By Rose O. Sherman, EdD, RN, NEA-BC, FAAN
There is much discussion today about the importance of both interprofessional practice and education. Healthcare quality is dependent on strong teamwork. We have good evidence to suggest that when this teamwork is not present, there is an impact on communication, quality, safety and staff satisfaction. The assumption is always, the more collaboration the better. New research by Morton Hansen in his book Great at Work, suggests that busting the silos with more task forces, committees and joint work does not always lead to better outcomes.
In his research which involved a five-year global study of more than 5000 managers and employees (including healthcare) indicates that top performers are very selective about how and when they collaborate. He proposes that there are two extremes to collaboration – under-collaboration and over-collaboration. Neither is good, he contends from his work. Instead top performers seek what he describes as disciplined collaboration. They decide when it is important to collaborate and when not to. Collaborative efforts are generally more expensive and can often take more time to reach a solution. Hansen found a strong relationship between selective collaboration and performance. The best performers resist collaboration if there is no clear value in it. They never collaborate for collaboration’s sake.

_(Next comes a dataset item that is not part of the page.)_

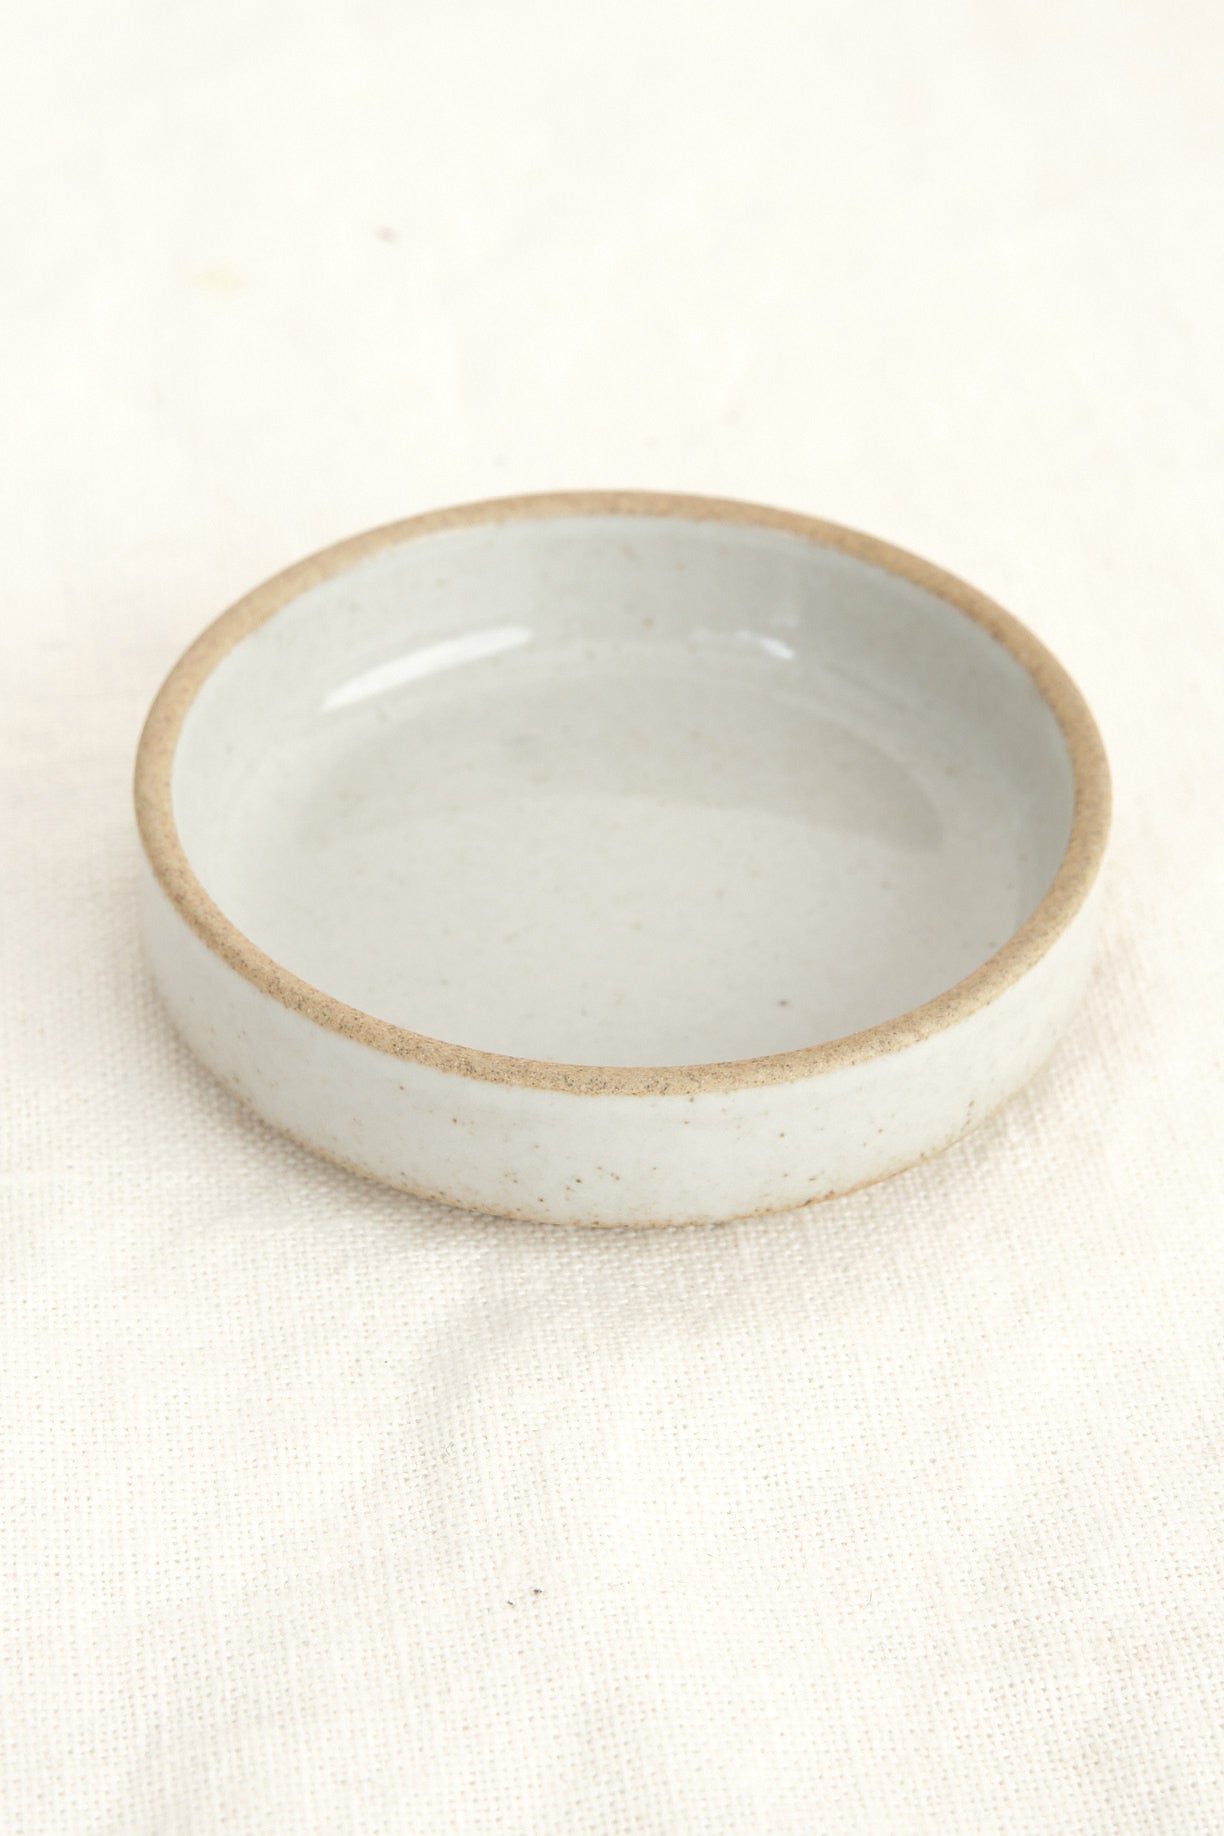 Hasami Porcelain in stock

He recommends that prior to collaborating, assess the business case for it. Both the benefits and the costs of collaboration need to be evaluated to determine if there is a solid return on investment for a particular initiative. This is the “why-do-it” case for every proposed collaboration. There should always be a compelling unifying goal if collaboration is to be successful. Without this, collaborative efforts often move off track. Too often in collaboration, he writes, the goal is the process/activities without clear examination as to whether there are tangible results. People pack their schedules with these collaborative meetings that lead no where.
Hansen offers some interesting arguments to our current approach to collaboration in healthcare, and in research with team science. We make the assumption that more collaboration is always better. The key to success many believe is to be more networked, coordinated and part of cross departmental teams. Yet, the goal of collaboration should not simply be collaboration. There has to be value-added because collaboration comes at a high cost. The secret is not to stop collaborating but make sure that it is disciplined and necessary.
References
Hansen, M.T. (2018). Great at Work: How Top Performers Do Less, Work Better and Achieve More. New York: Simon and Schuster.